To do:
Write out the data exactly as given, dropping every picture.

____ Material provided

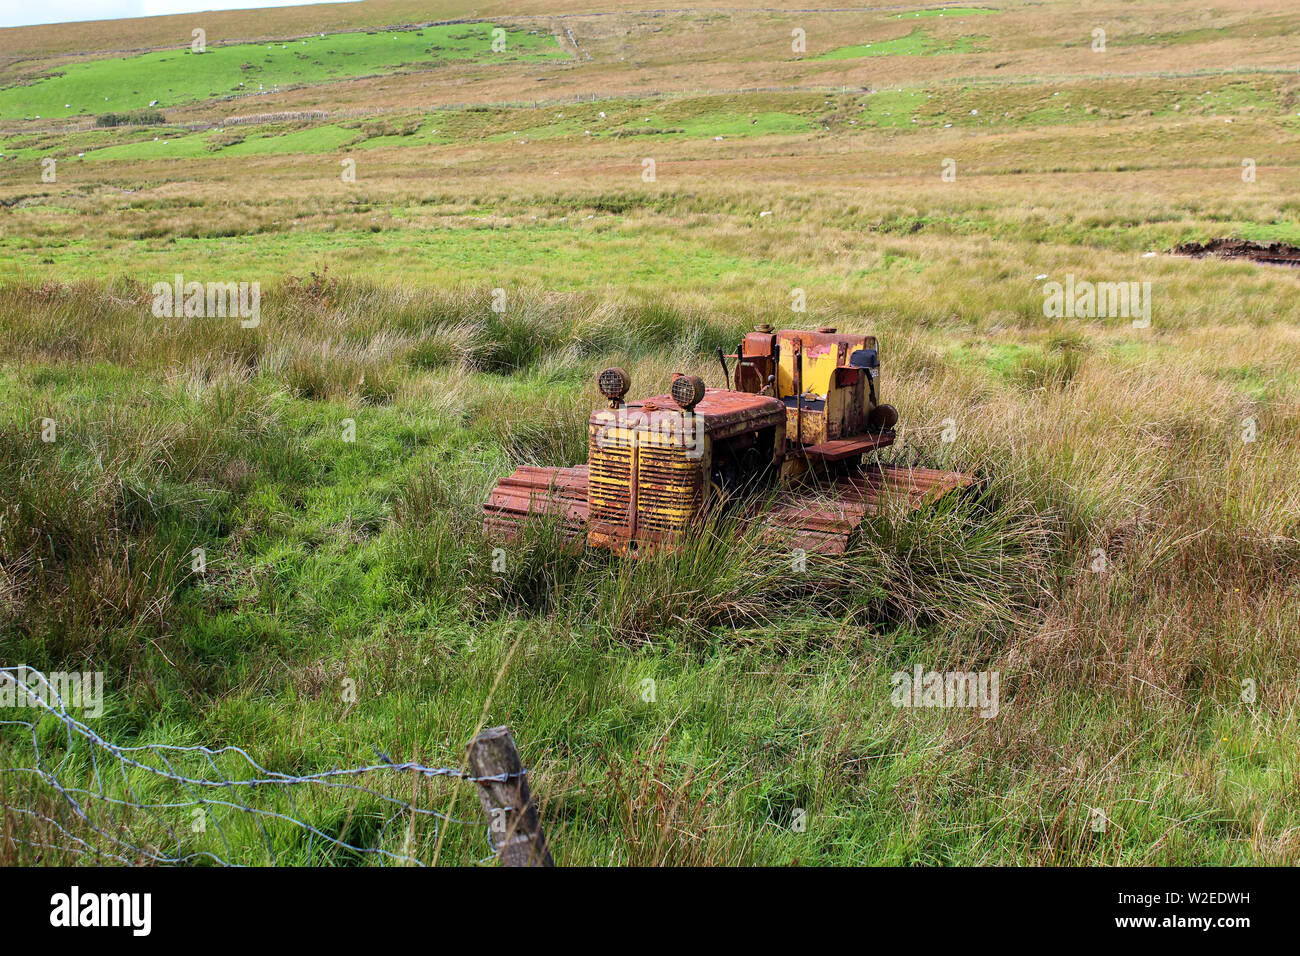 Rostig und zog sich auf der schottischen Grenze. Ein caterpillar Radtraktoren - rostigen alten landwirtschaftlichen Maschinen in der Galloway Hills, Schottland verlassen Stockfoto
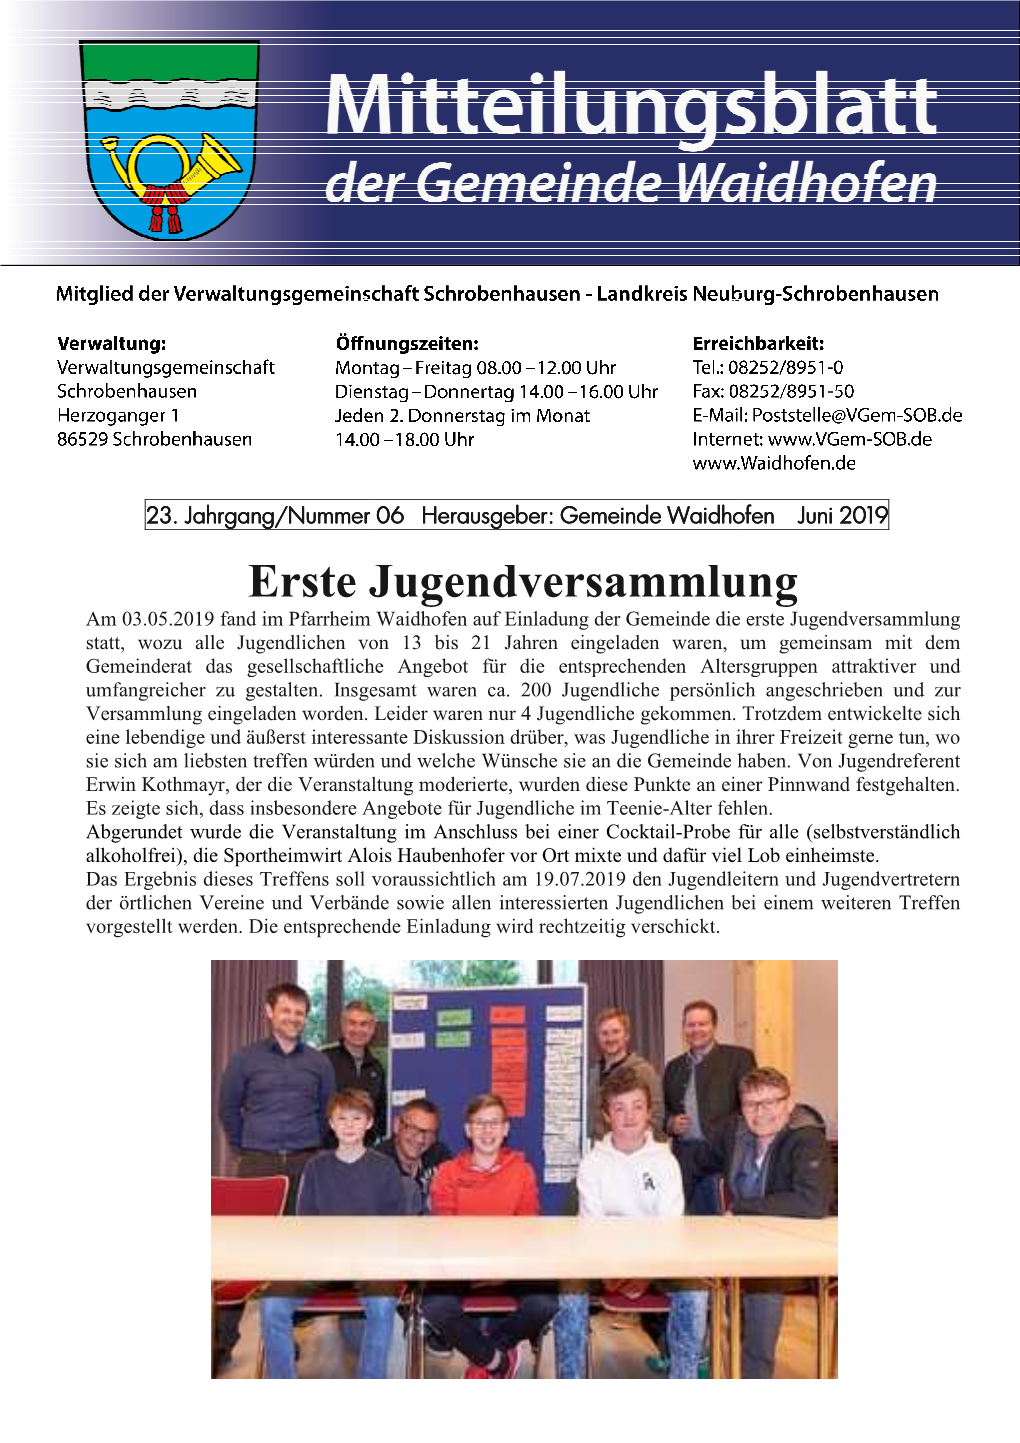 Mitteilungsblatt Waidhofen Nr. 6/2019
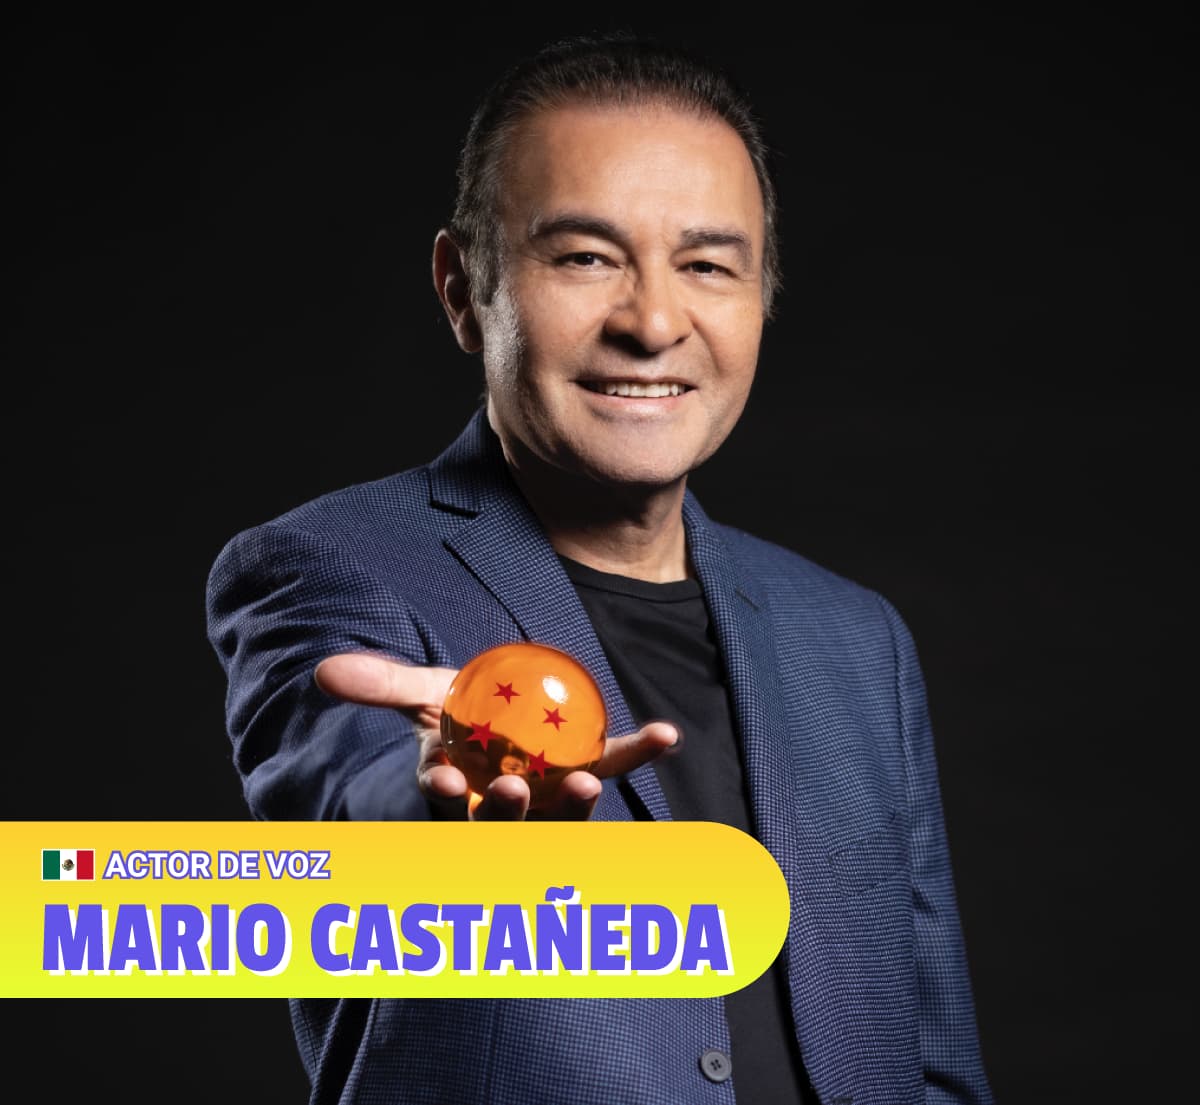 Mario Castañeda - Actor de Voz

________

Written answer:
 Rostig und zog sich auf der schottischen Grenze. Ein caterpillar Radtraktoren - rostigen alten landwirtschaftlichen Maschinen in der Galloway Hills, Schottland verlassen Stockfoto
 Mitteilungsblatt Waidhofen Nr. 6/2019
 Mario Castañeda - Actor de Voz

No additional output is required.